Boeing a vendu, net 103 zincs. Même pas 10% des performances des
années précédentes. Officiellement, il y a plus de 230 ventes, mais si
l’on déduit les annulations, on arrive à 103.En réalité, la situation
est même pire, car beaucoup de ventes sont forcées et provisoires. Les
compagnies aériennes ont annulé massivement les commandes de gros
porteurs, mais pour ne pas payer les dédits, elles ont négocié avec le
constructeur de remplacer ces commandes par d’autres de petits modèles
comme le 737. Evidemment, rien n’empêche d’annuler ensuite la commande
du « petit », mais au moins, le dédit sera moins coûteux. Boeing sait
parfaitement cela, mais accepte le marché pour ménager ses clients et
ne pas accroître ne nombre de ses pertes de commandes trop vite.

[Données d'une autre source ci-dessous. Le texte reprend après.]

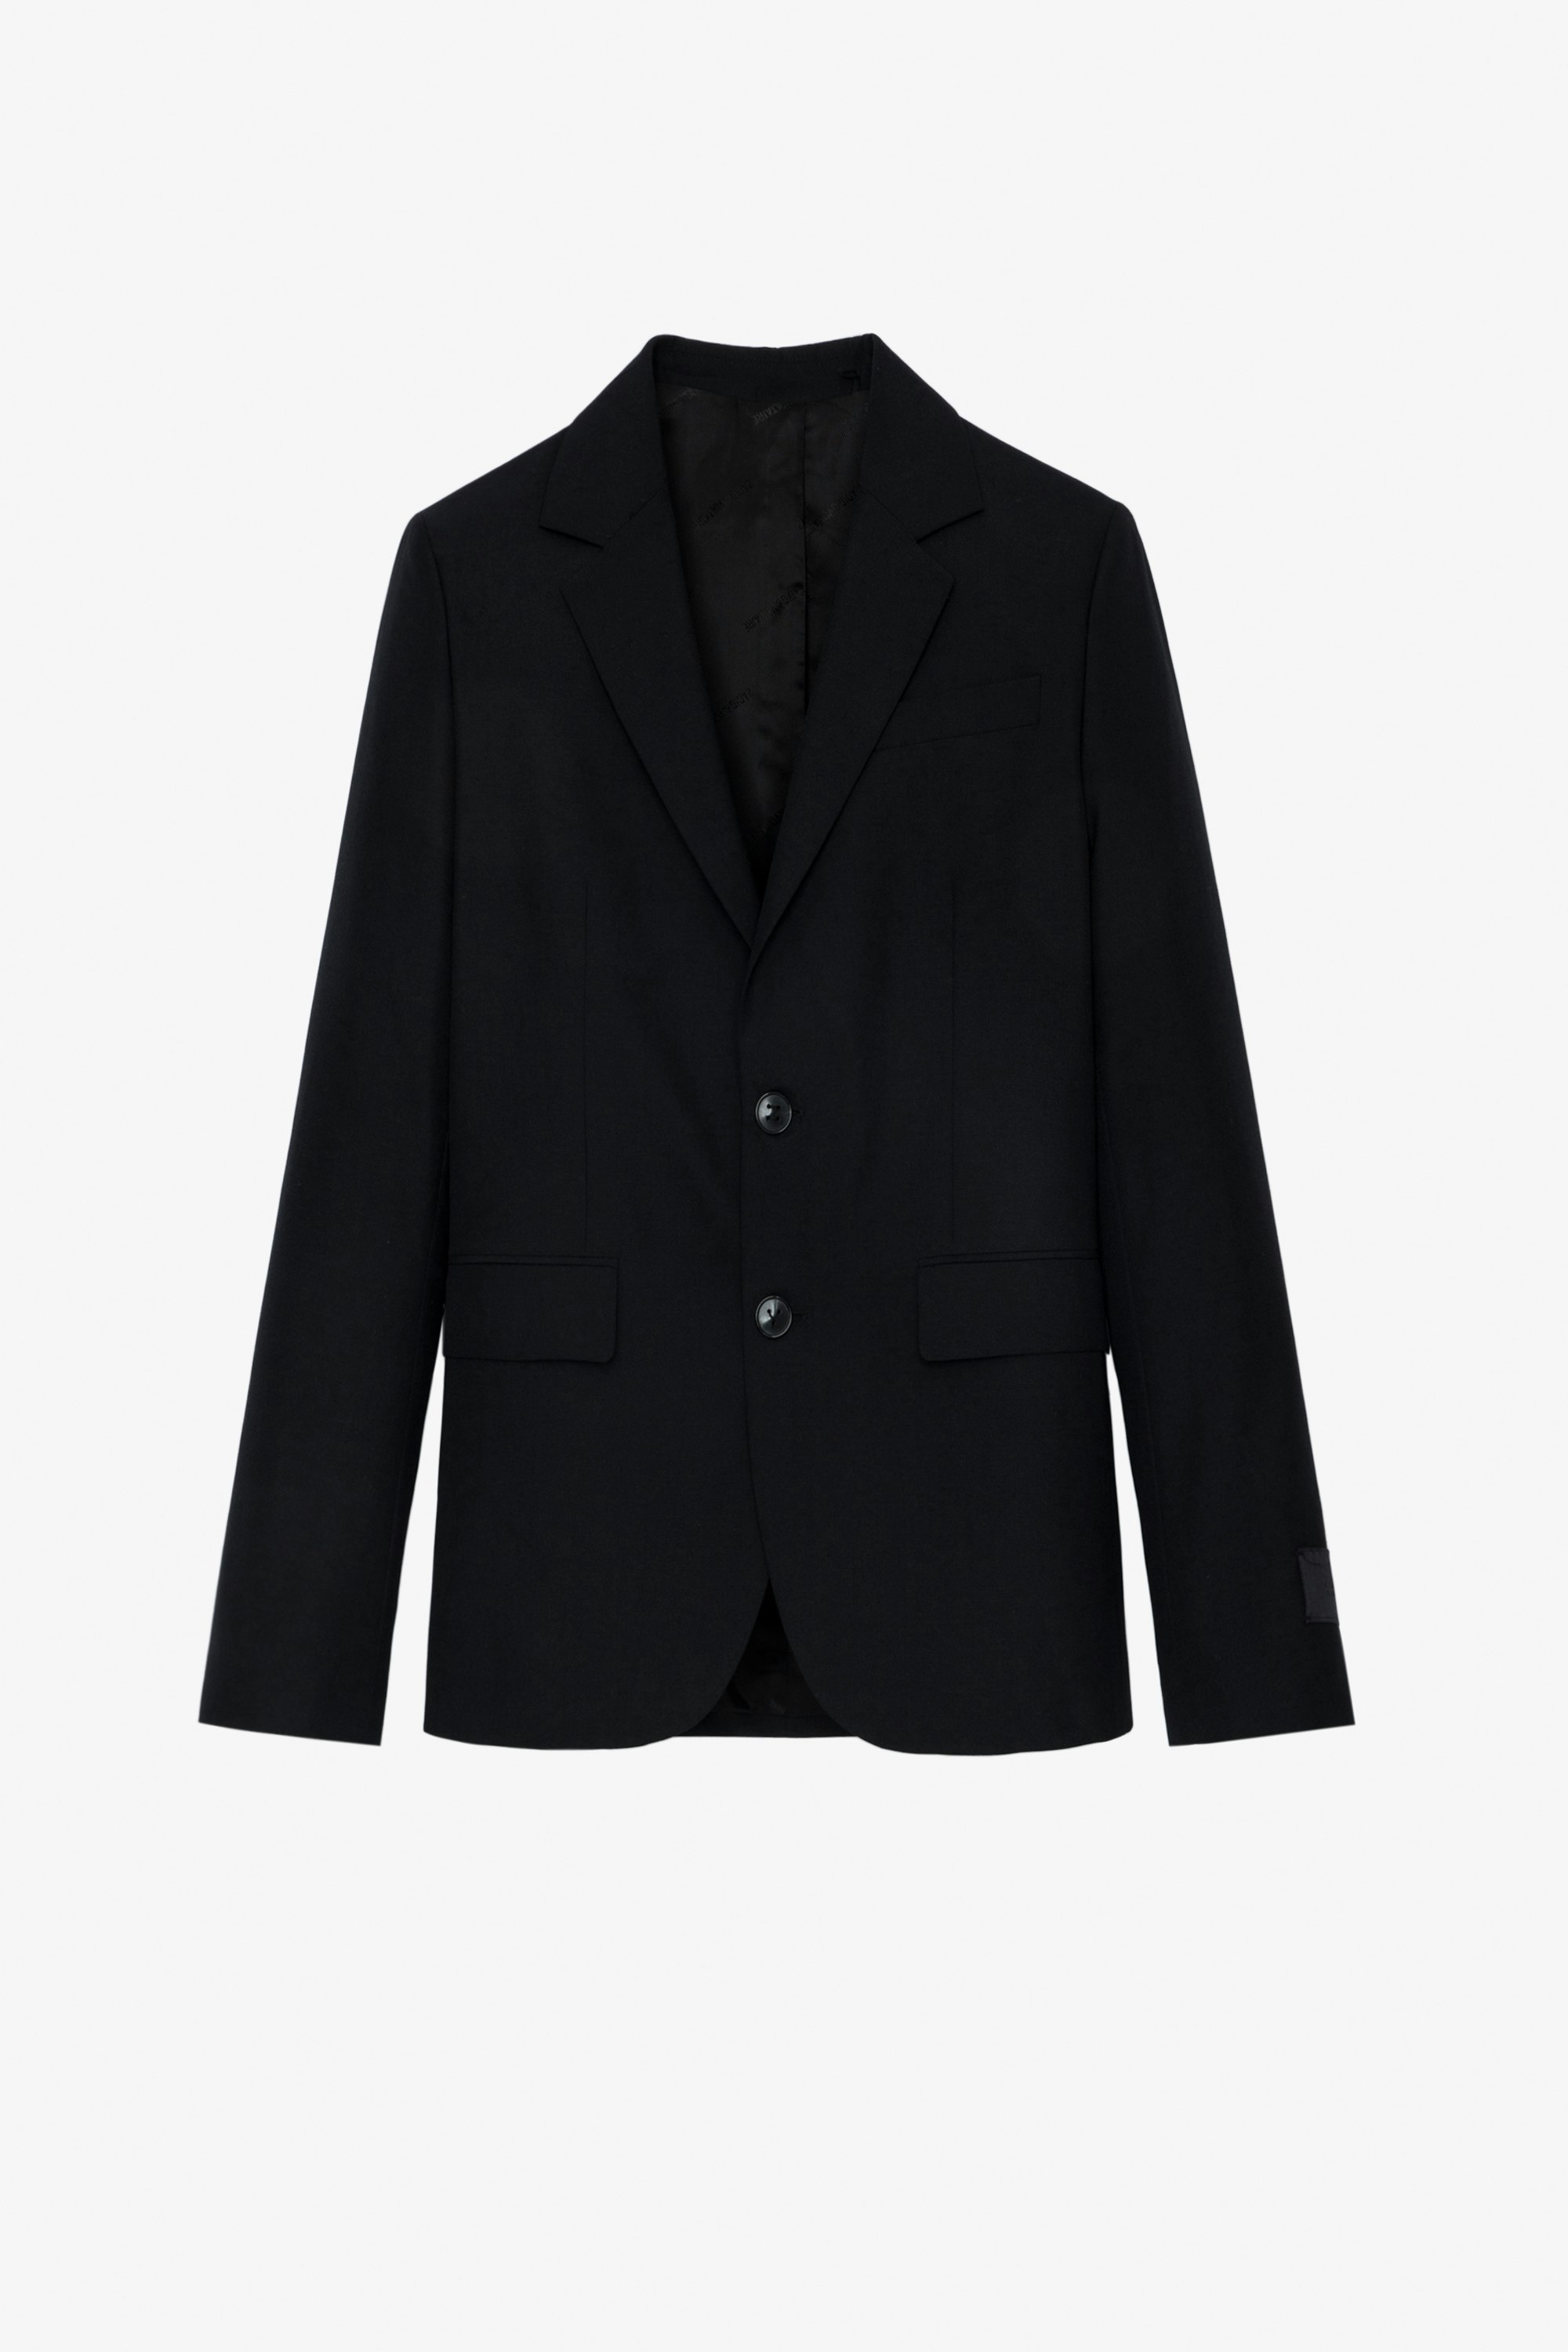 Viks Blazer - Women’s black suit jacket with pockets

Vous dites Airbus ? Même topo, même technique, on remplace des « Wide
Bodies » par des A320 avec, en plus, des astuces comptables pour
dissimiler les pertes de commandes. Si le commentaire en restait là,
il n’y aurait rien d’original, je vais donc ajouter ma touche
personnelle : Ce que personne n’a noté, c’est que cette année, il y a
un troisième requin dans le bassin : Lui aussi a vendu une centaine
d’appareils, il ne fait guère mieux que les autres. Sauf qu’il part de
zéro et qu’il a de gros espoirs : c’est le chinois Comac. Allez,
Sukhoi n’est pas loin derrière et on peut le compter comme quatrième
gros poisson.
On me dira : Ce n’est pas pareil, mettre sur le même plan Airbus et
Comac, ce n’est pas sérieux, Airbus va se redresser et creuser
l’écart. C’est oublier que Comac a un marché captif de plusieurs
milliers d’appareils et que Sukhoi peut compter aussi sur un marché
interne de 1000 unités au moins. Si l’écart doit se creuser, cela
risque d’être au crédit des nouveaux.
Mais, diras-t-on, ces nouveaux vont rester pendant des années sur des
marchés captifs, Sukhoï va vendre à la Russie et l’Inde, allez, 1000
appareils au premier, 2 ou 3 mille au second. Comac restera en Chine
et la zone asiatique, allez, 5 ou 6 milles appareils, tandis que les «
grands » auront le monde pour eux. Sauf que le « monde » restant ne
représente même pas le quart du marché planétaire. Boeing se repliera
sur les USA, Airgugus crèvera.
Y.B.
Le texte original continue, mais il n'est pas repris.